**WHAT TO PRODUCE:**
Word for word, restate the listing; omit the pictures.

**RAW DATA:**
>>

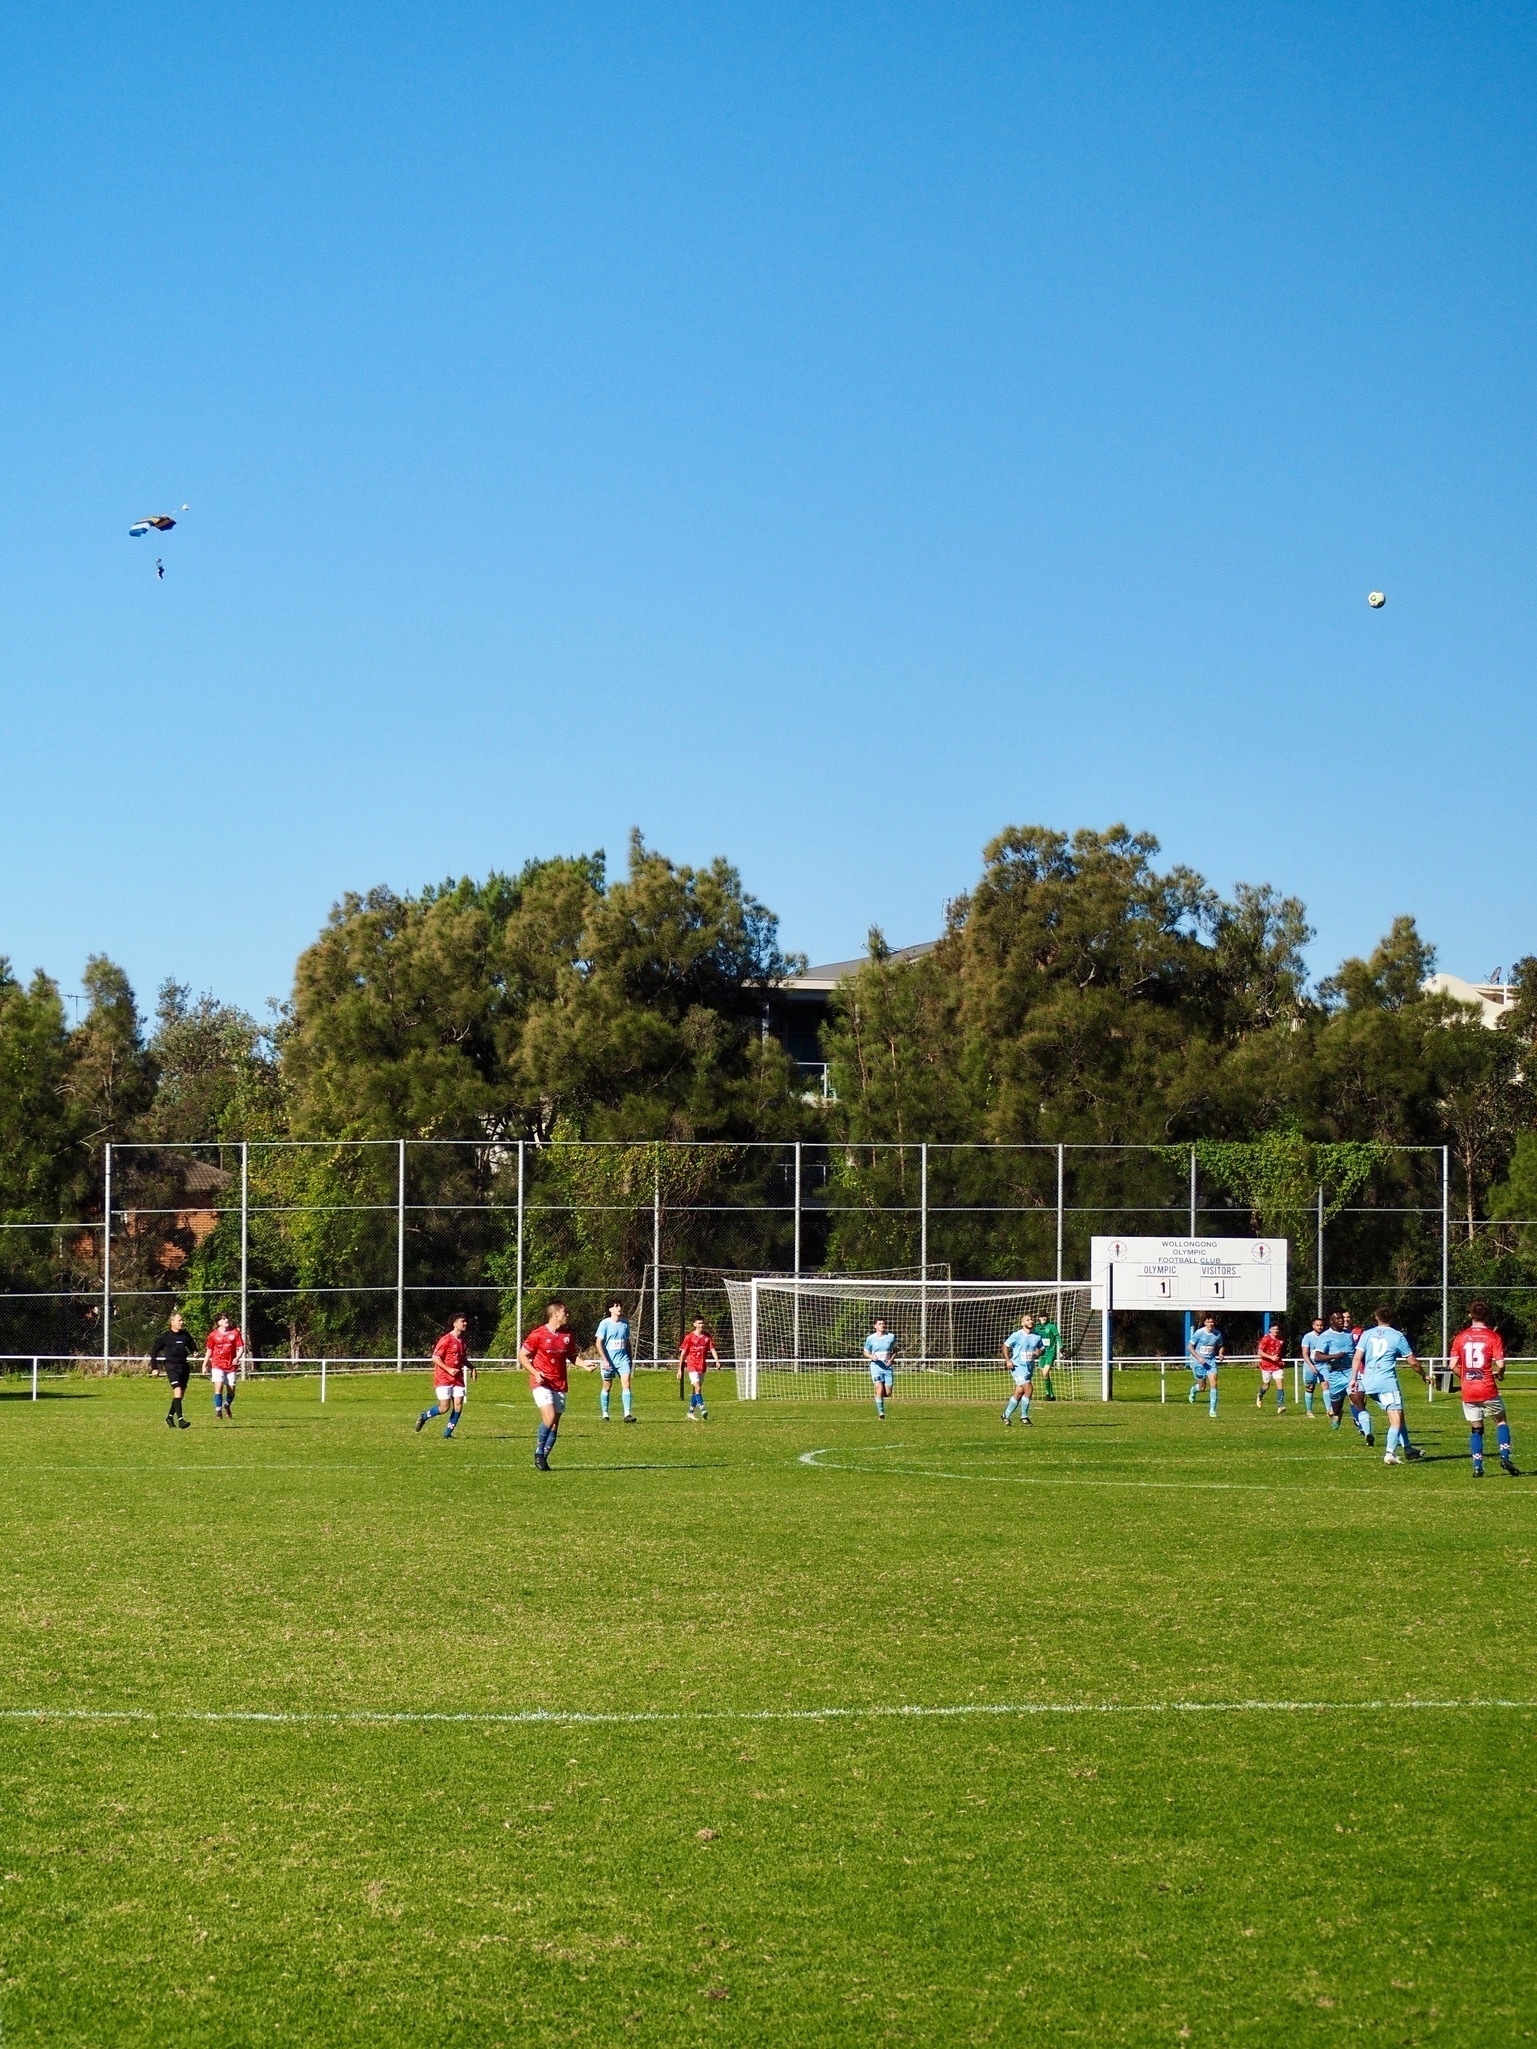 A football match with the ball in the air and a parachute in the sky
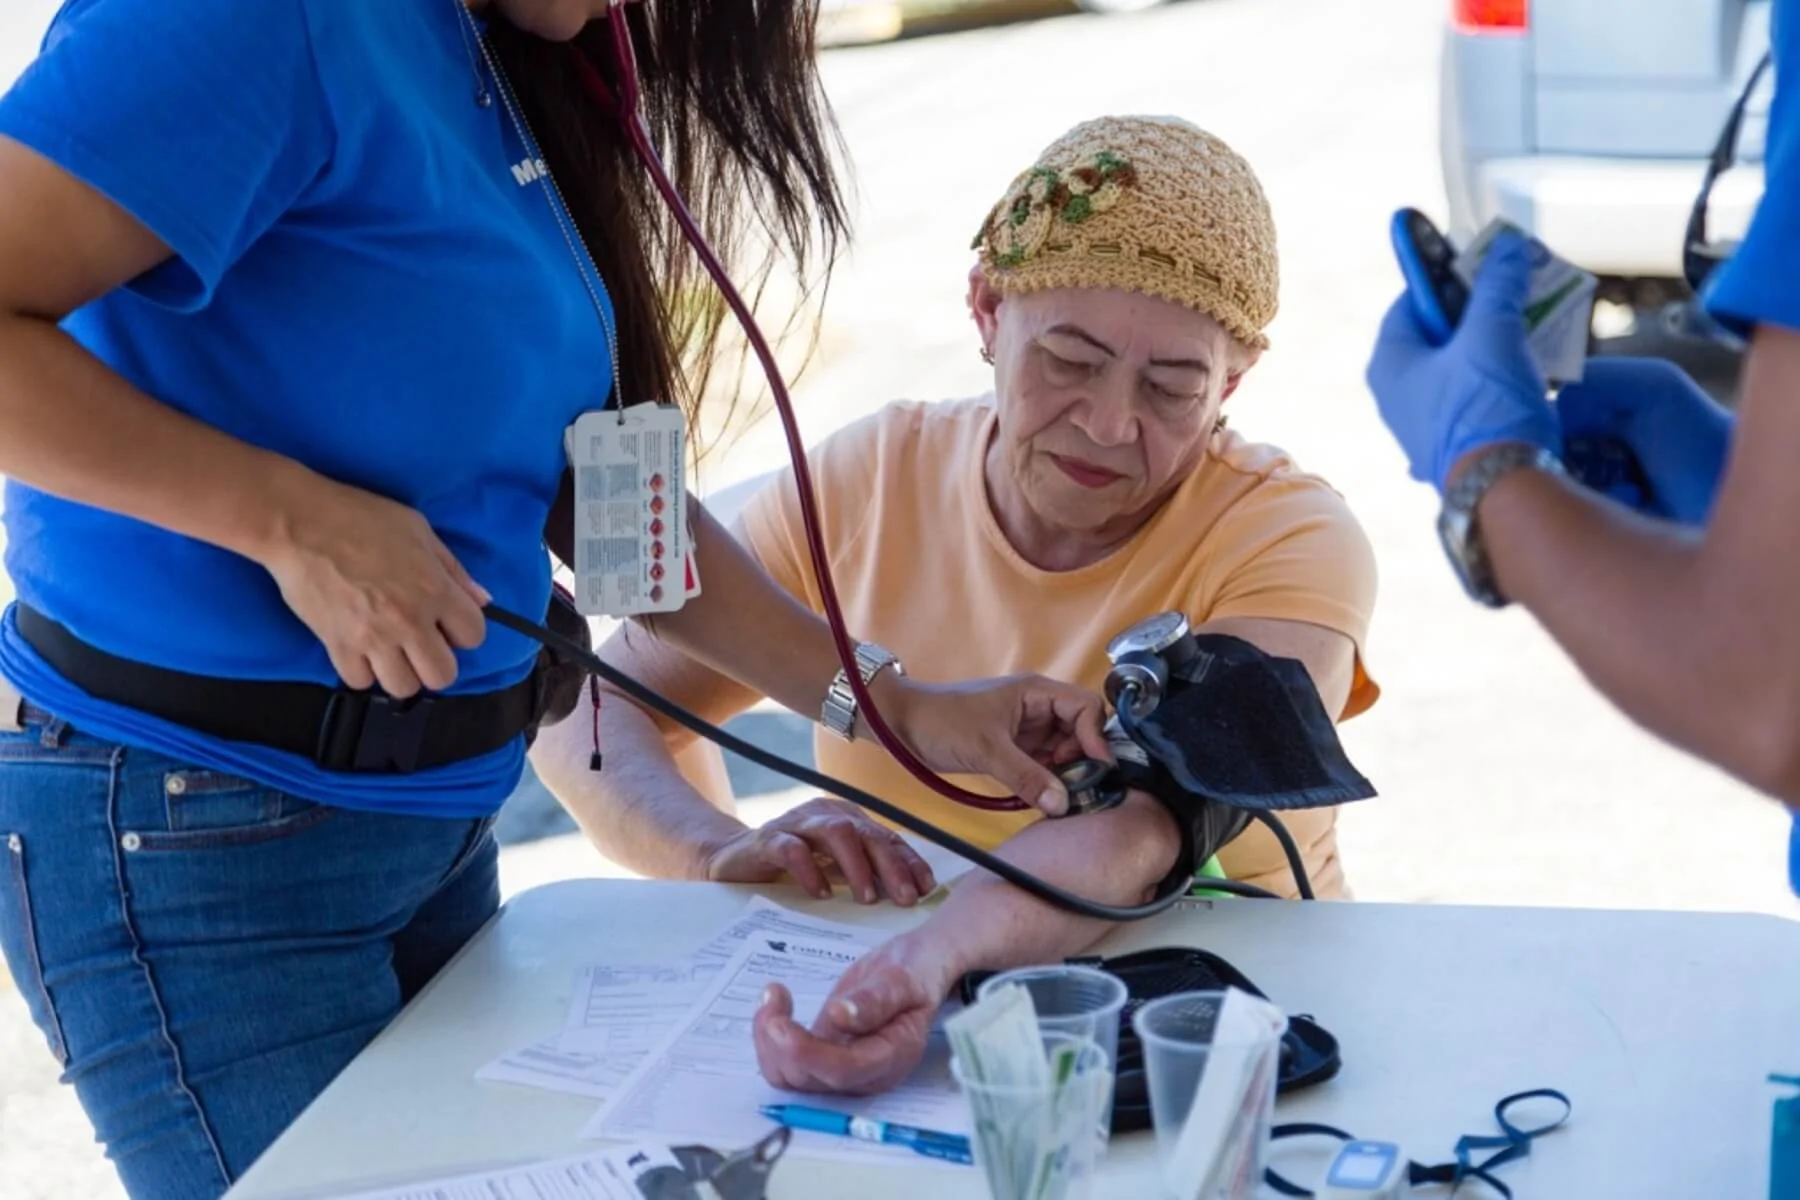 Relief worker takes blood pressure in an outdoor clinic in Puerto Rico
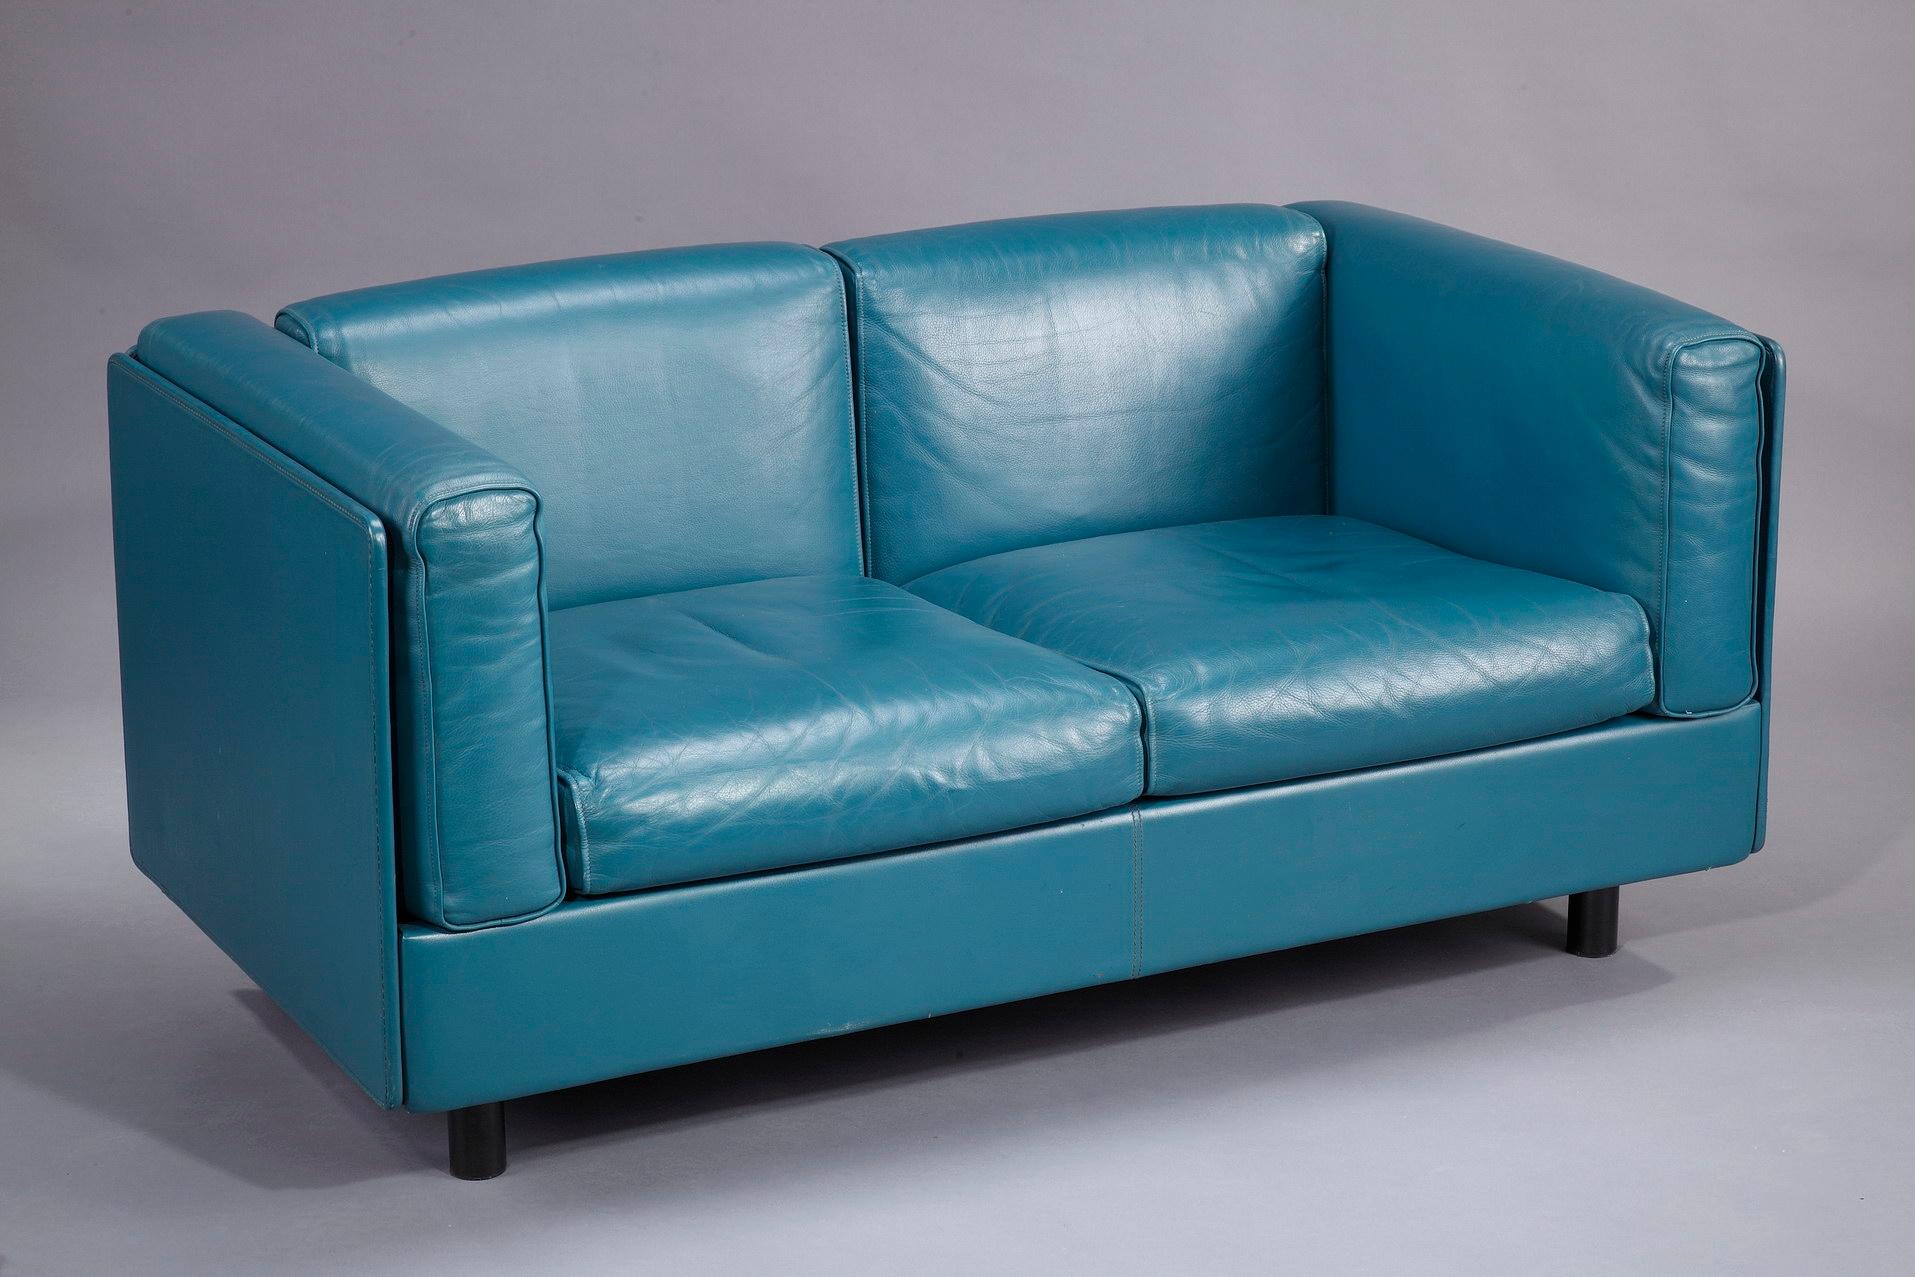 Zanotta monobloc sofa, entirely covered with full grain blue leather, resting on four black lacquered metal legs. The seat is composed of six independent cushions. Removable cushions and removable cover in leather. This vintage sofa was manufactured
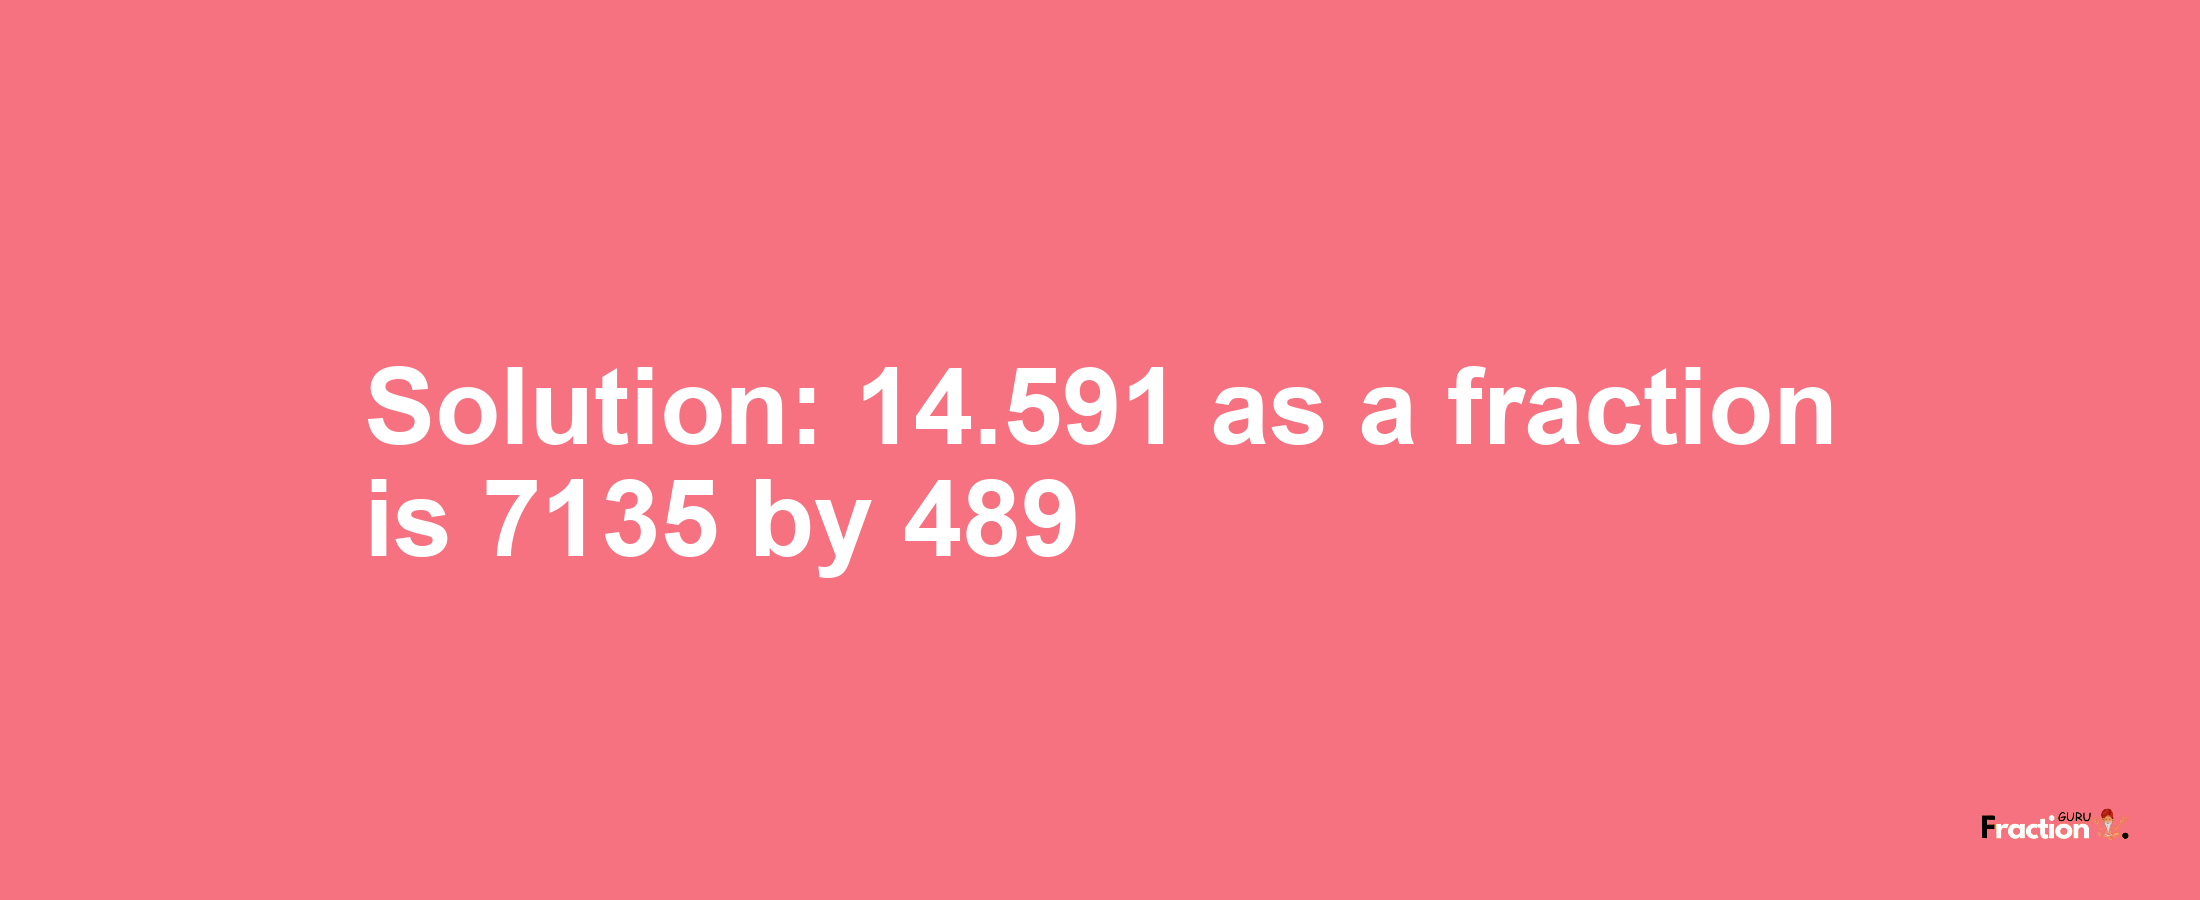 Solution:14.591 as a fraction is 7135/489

<<

**TASK RESPONSE:**
 A football match with the ball in the air and a parachute in the sky
 Relief worker takes blood pressure in an outdoor clinic in Puerto Rico
 Zanotta monobloc sofa, entirely covered with full grain blue leather, resting on four black lacquered metal legs. The seat is composed of six independent cushions. Removable cushions and removable cover in leather. This vintage sofa was manufactured
 Solution:14.591 as a fraction is 7135/489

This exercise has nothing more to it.